** Supplied information follows **

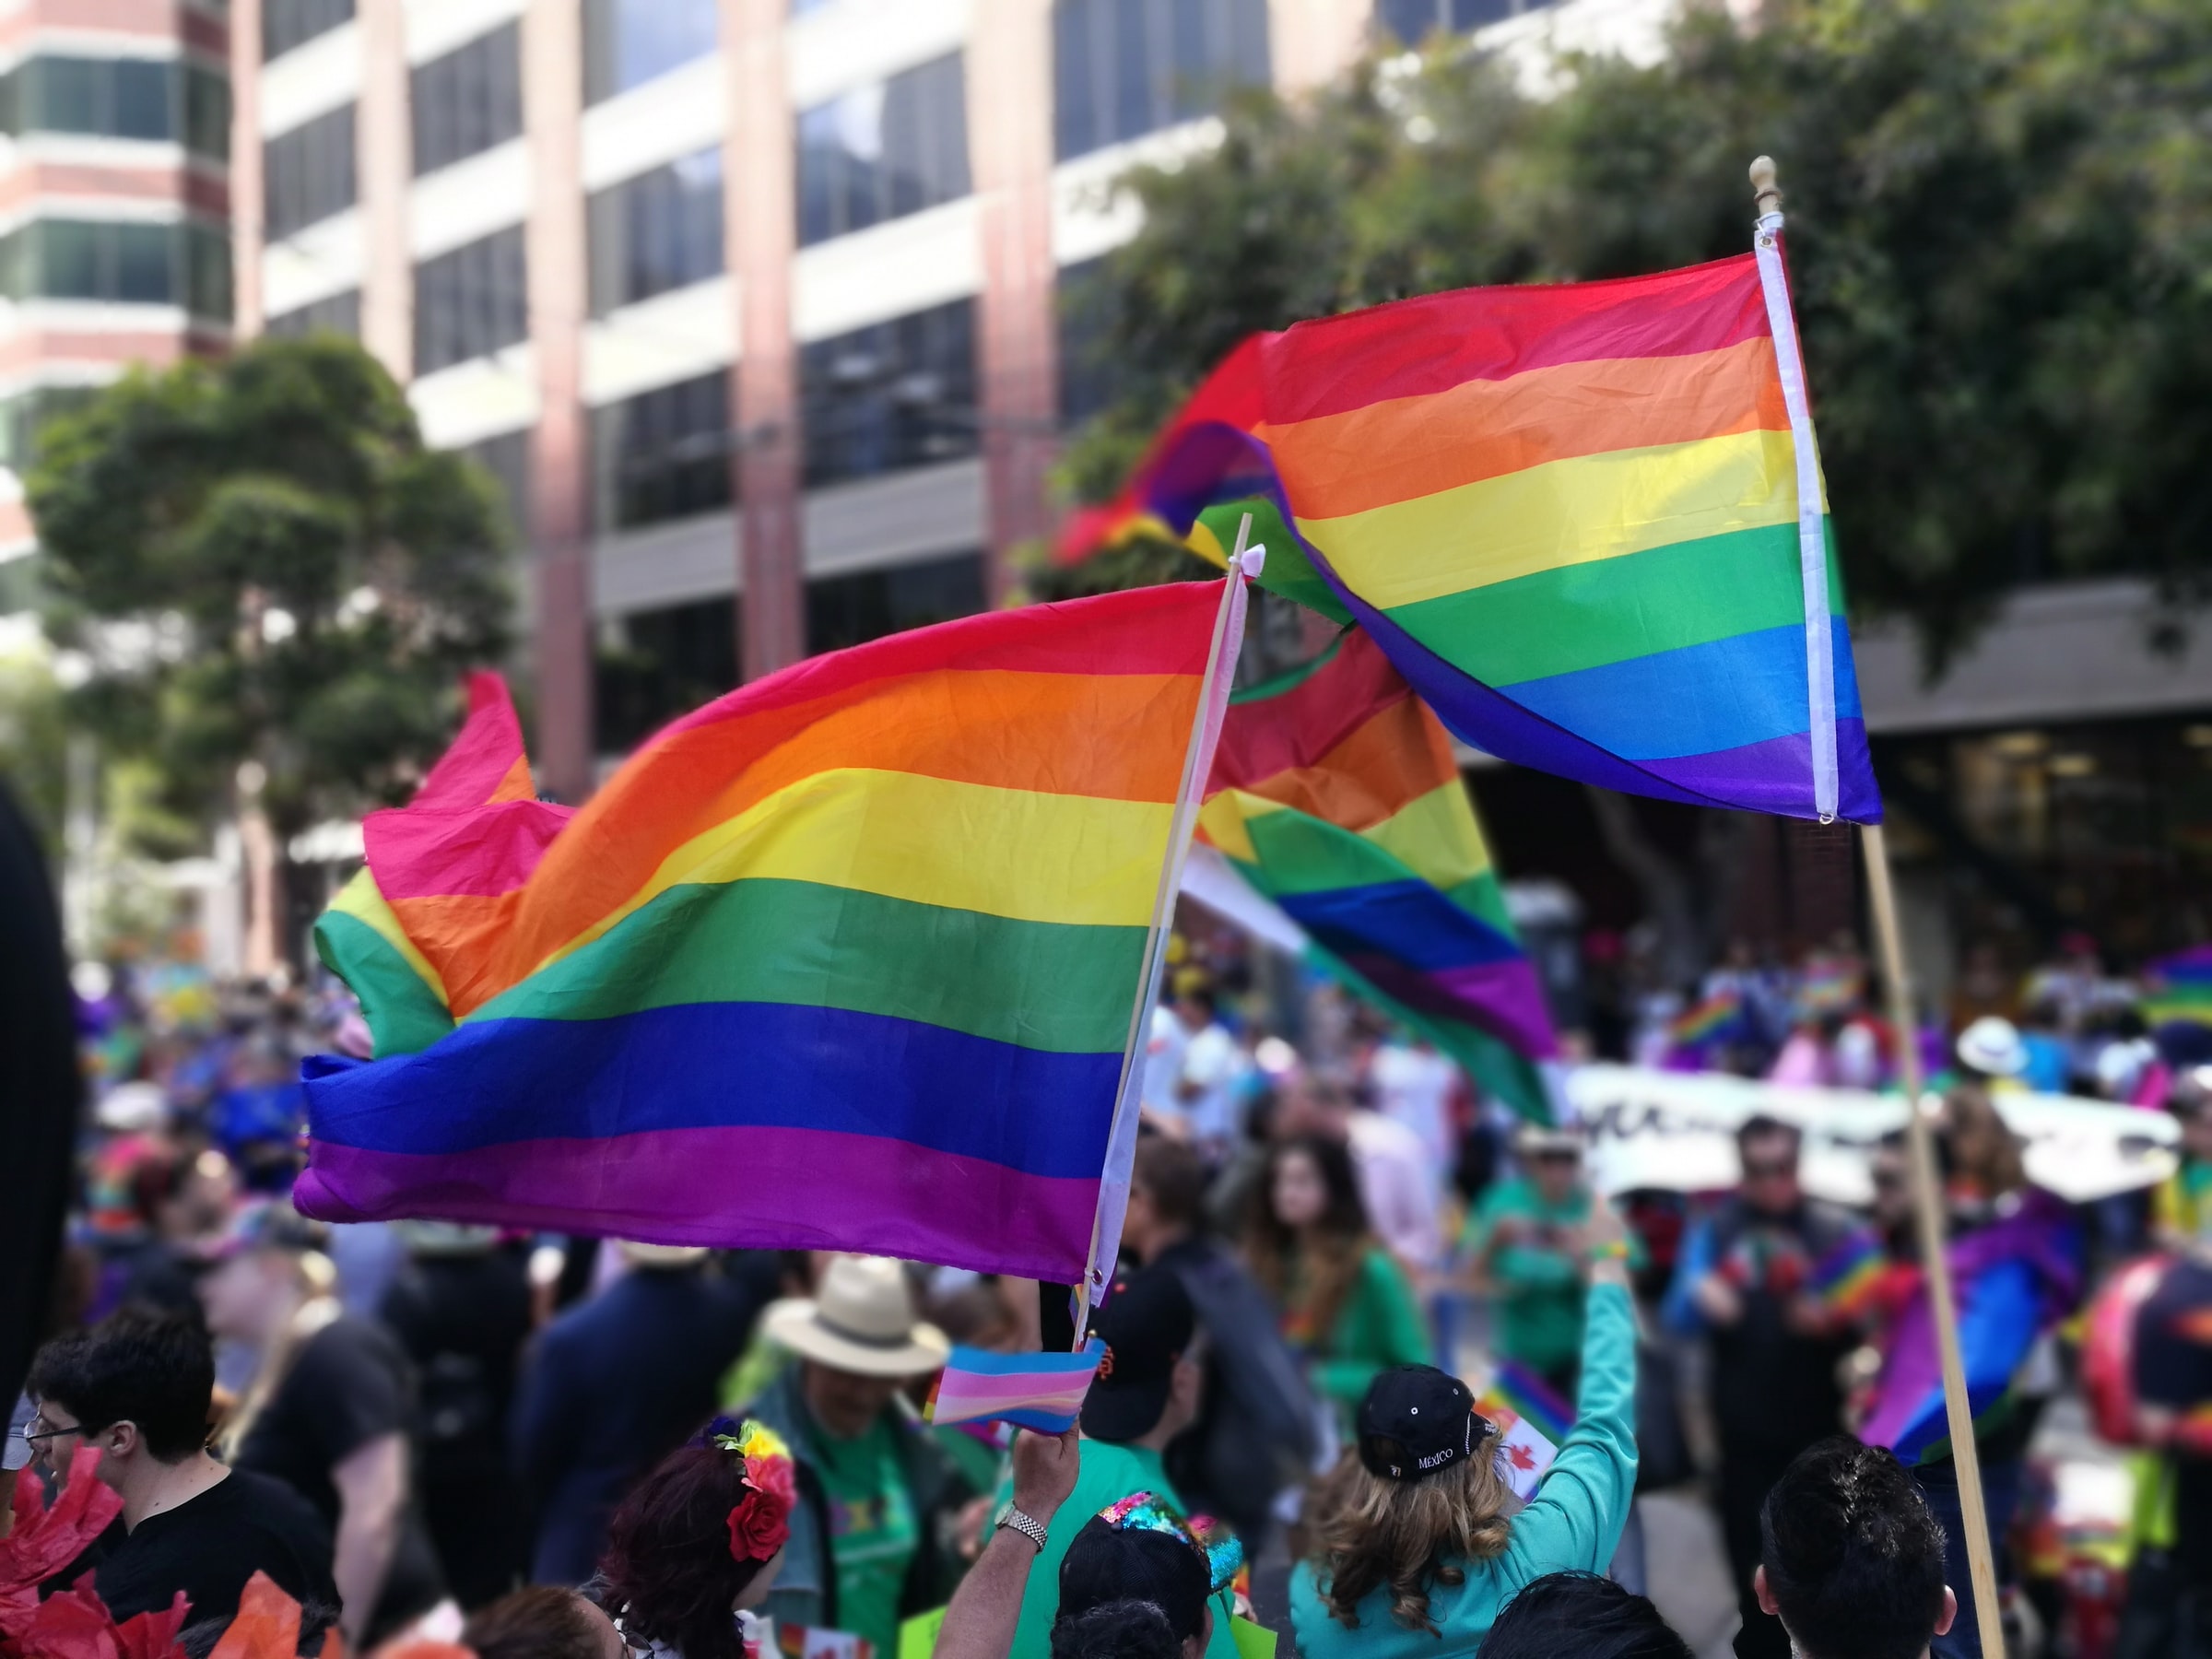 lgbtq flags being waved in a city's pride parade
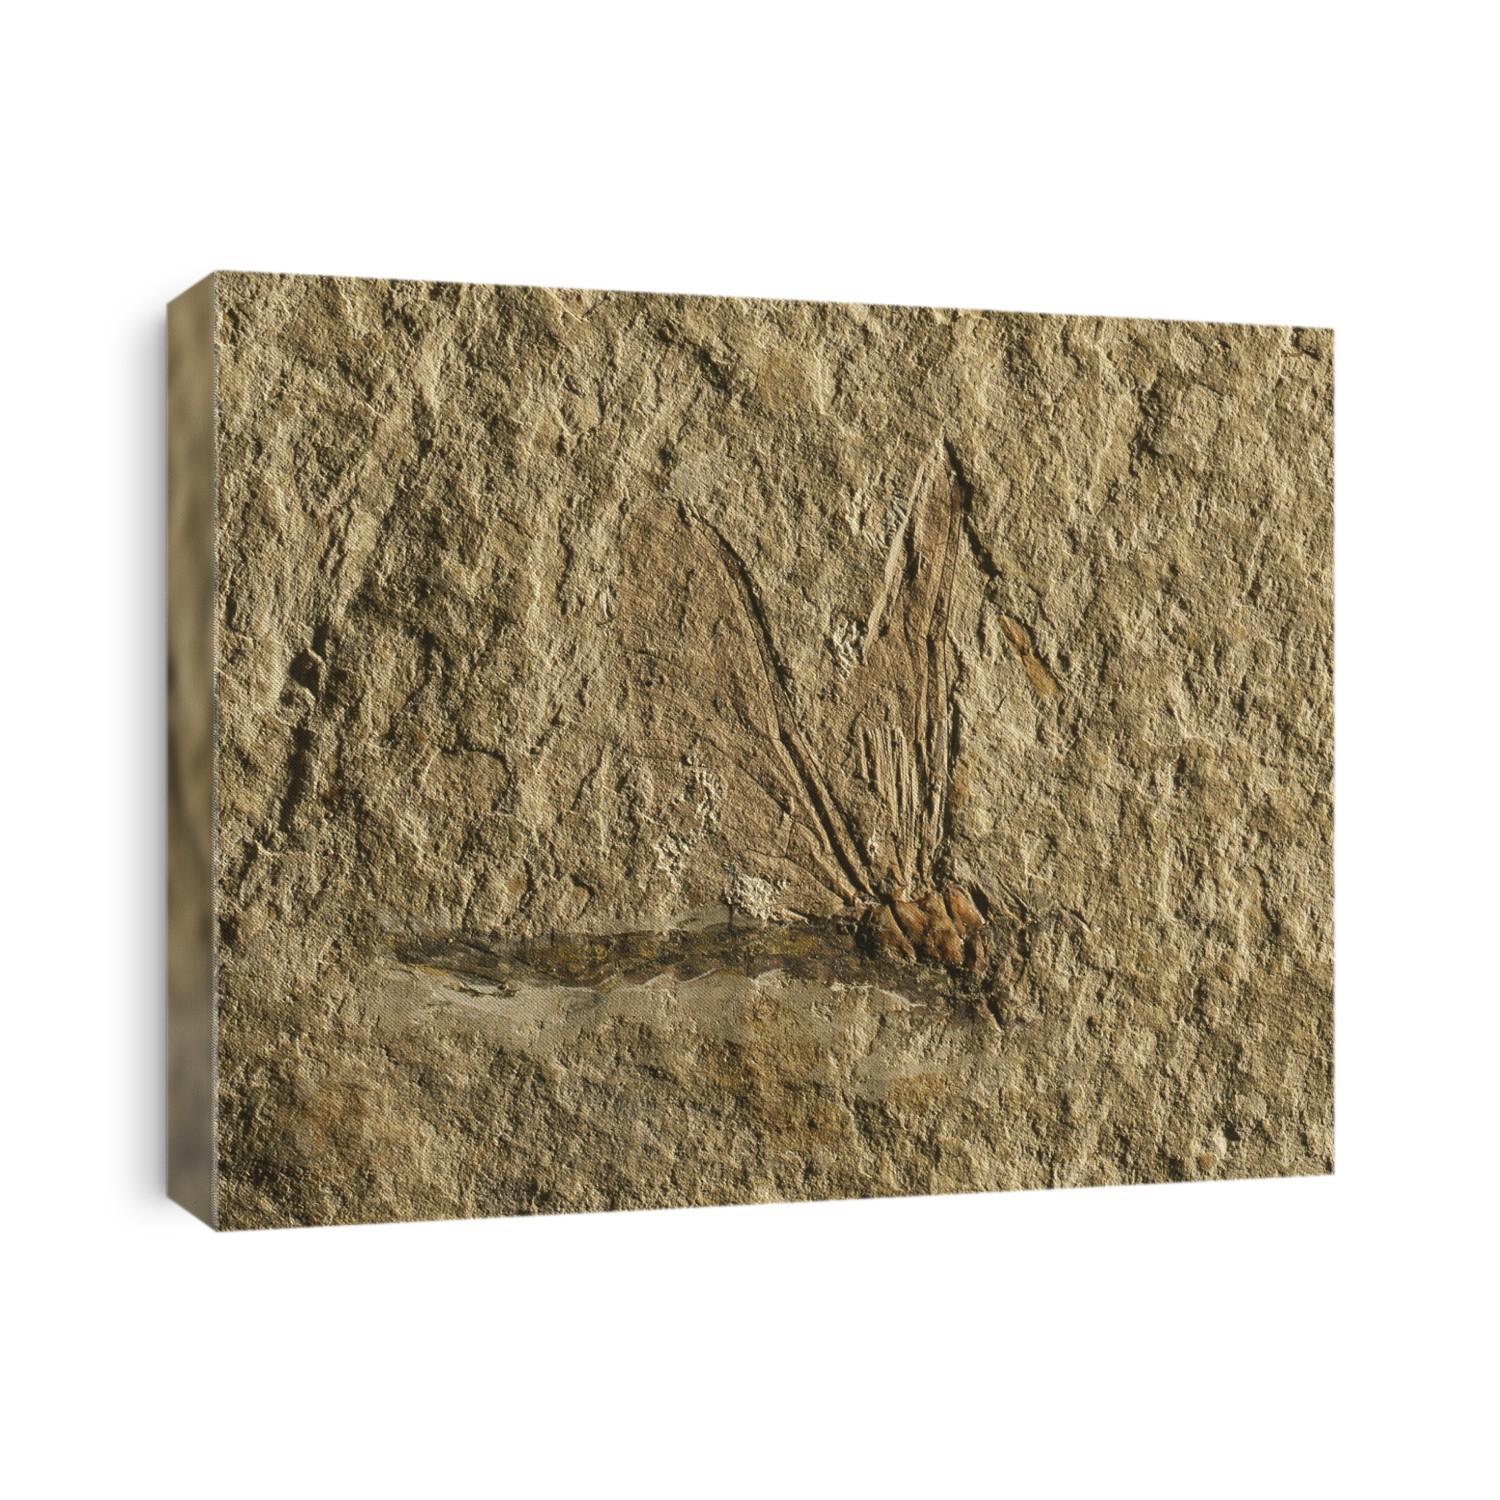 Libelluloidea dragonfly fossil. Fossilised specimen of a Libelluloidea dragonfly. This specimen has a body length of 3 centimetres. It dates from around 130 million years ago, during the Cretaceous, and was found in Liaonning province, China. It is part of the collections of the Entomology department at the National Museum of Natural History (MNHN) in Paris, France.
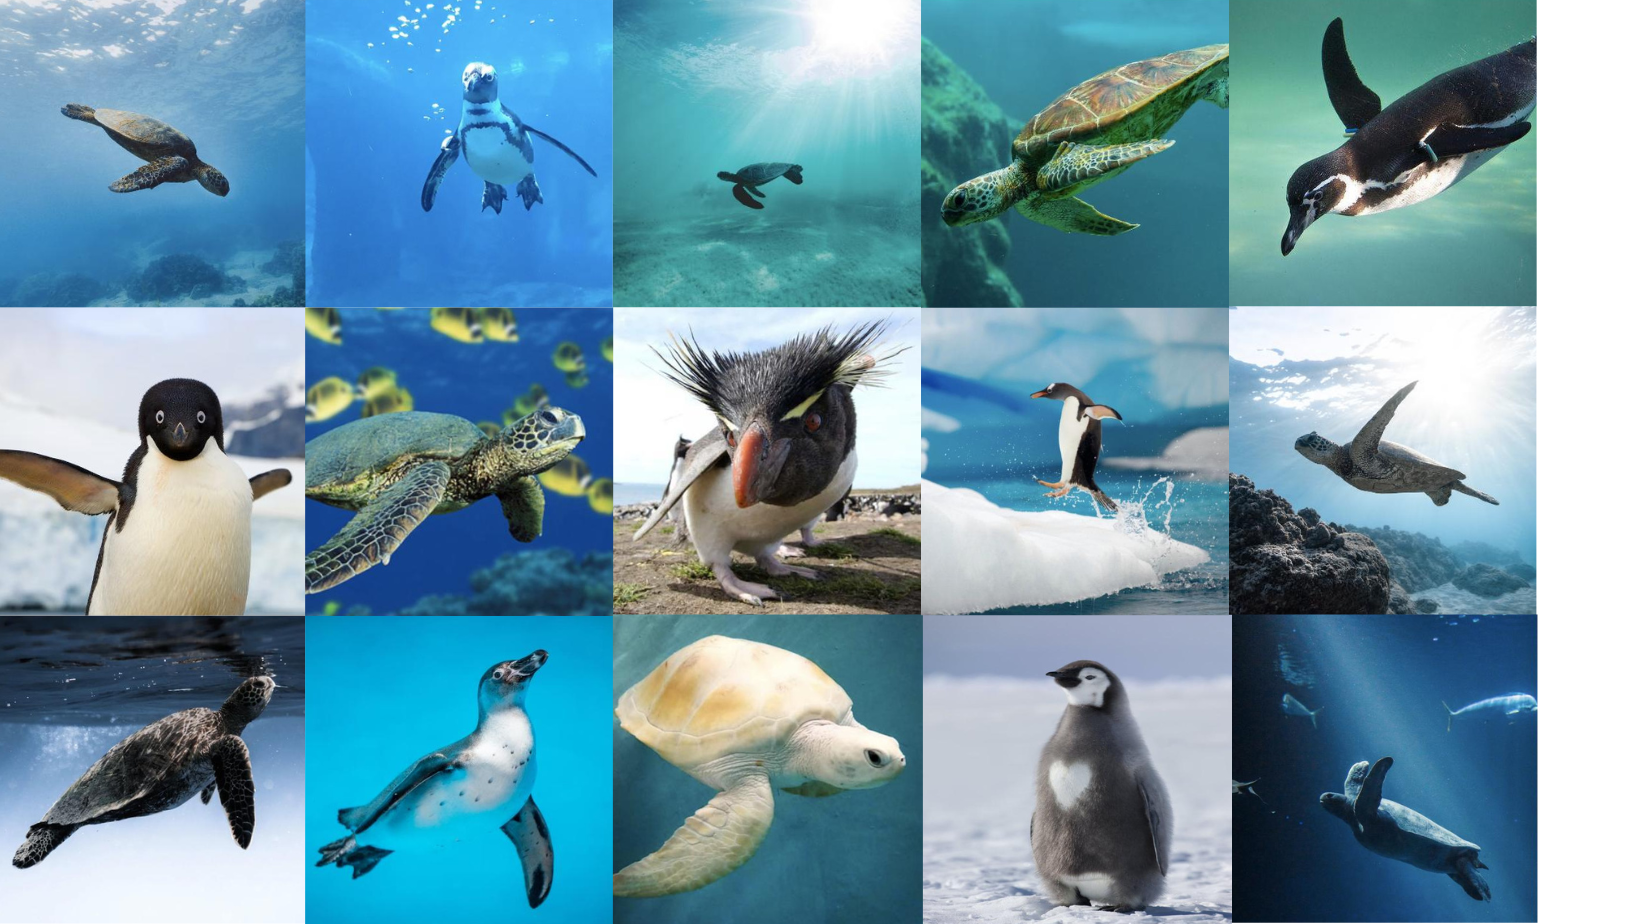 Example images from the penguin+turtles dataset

** End of Supplied information **

* Task directions *
The lines to copy run from the line containing "Libelluloidea dragonfly fossil." through the end of the data above; copy exactly those, minus the pictures.

* Solution for this exercise *
 Libelluloidea dragonfly fossil. Fossilised specimen of a Libelluloidea dragonfly. This specimen has a body length of 3 centimetres. It dates from around 130 million years ago, during the Cretaceous, and was found in Liaonning province, China. It is part of the collections of the Entomology department at the National Museum of Natural History (MNHN) in Paris, France.
 Example images from the penguin+turtles dataset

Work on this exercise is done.